It is a practice of the Inland Revenue Department not to insist on a company filing audited financial statements when the company reports that it has not commenced business or that it has ceased operation in the interim.
This has created a misperception that companies incorporated in Hong Kong do not have to prepare audited financial statements when there is no business transaction.
This is nothing further from the truth. Hong Kong incorporated companies have to follow all the statutory requirements prescribed by the Companies Ordinance. There is no exemption from preparing audited financial statements notwithstanding the fact that the Inland Revenue Department does not ask for its filing.

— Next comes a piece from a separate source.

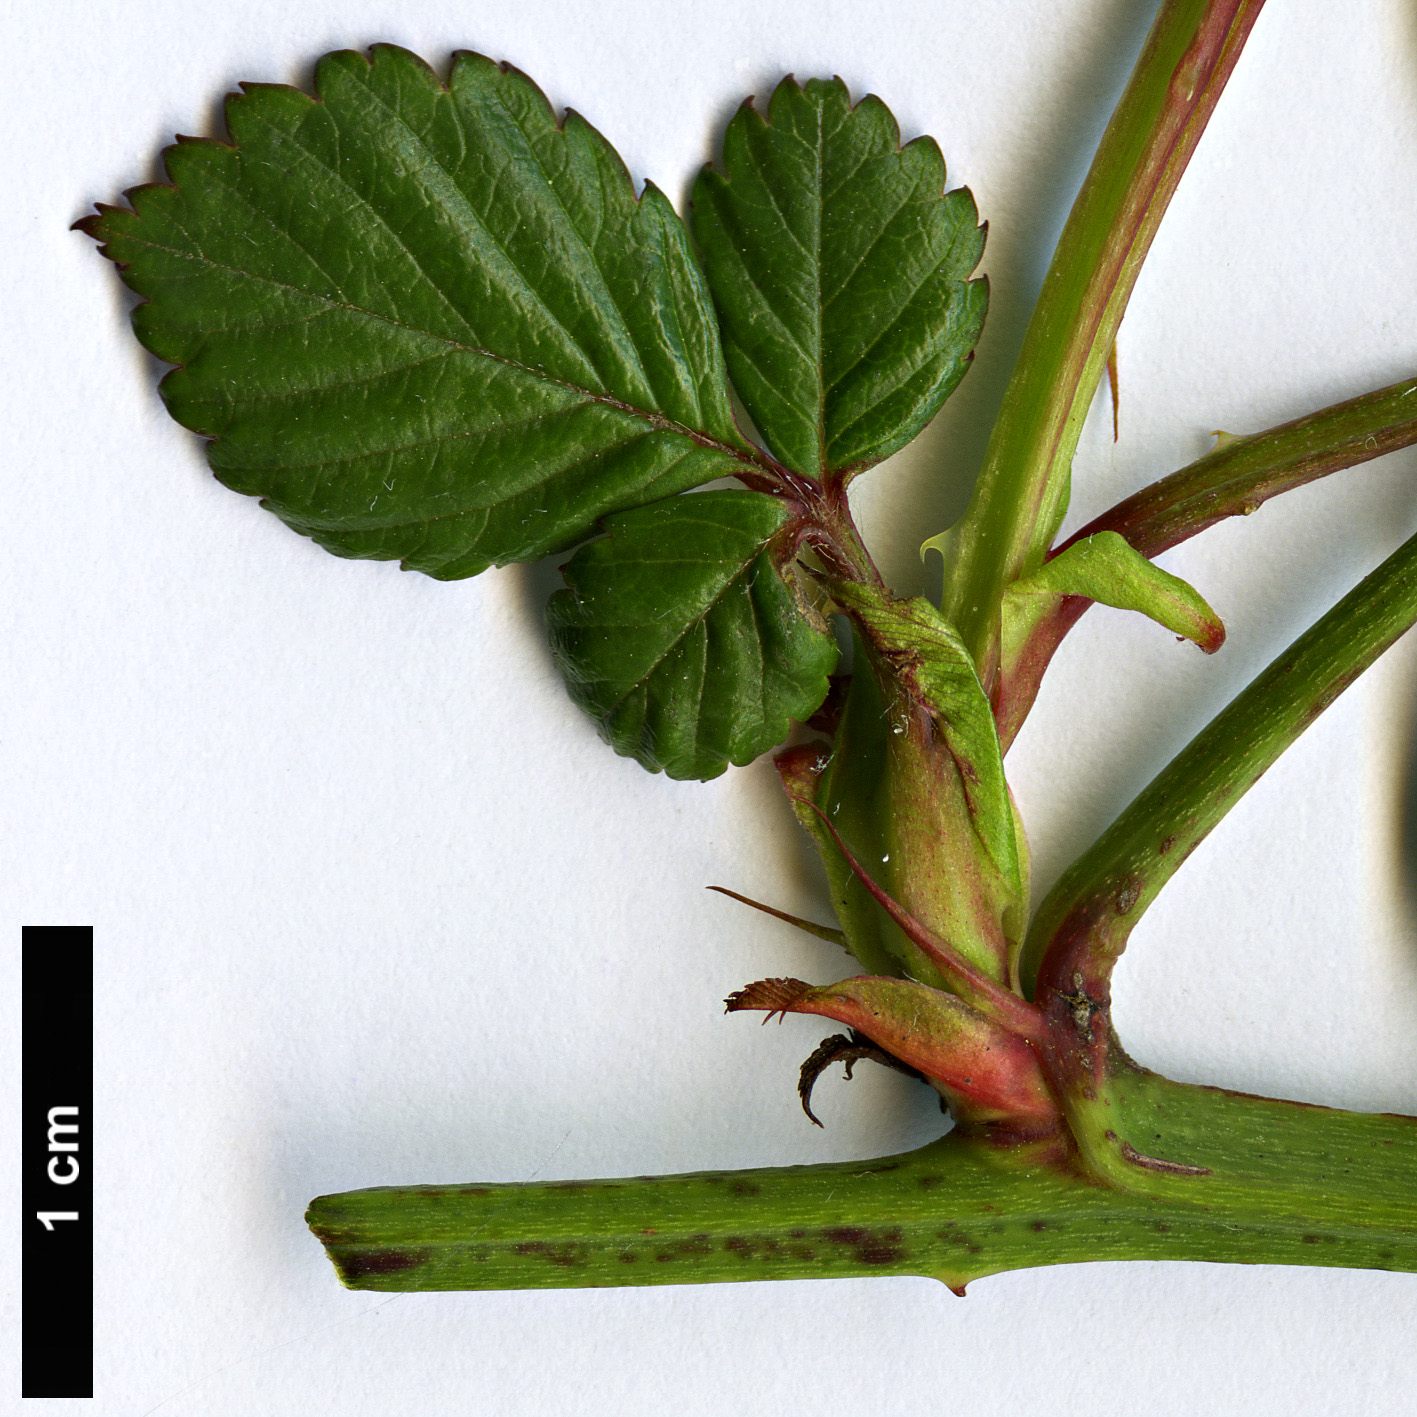 High resolution image: Family: Rosaceae - Genus: Rubus - Taxon: fraxinifolius

Definition of ‘dormant company’ is in the Companies Ordinance. A company must not have any accounting transaction and the required filing procedure must be complied with before it can call itself as ‘dormant’. Once done, preparation of audited financial statements and filing of annual return are exempted.
However, if there are changes in directors, company secretary and registered office address, these changes still have to be reported to the Companies Registry. Payment of all government fees should continue.
When a ‘dormant company’ wishes to enter into an accounting transaction, filing to re-activiate itself must be done prior to the transaction being done.
Quite often, directors forget their ‘dormant companies’ entirely and lose all their records. Therefore, it would be advisable to consider dissolving these companies if they are indeed not required for business transactions in the future.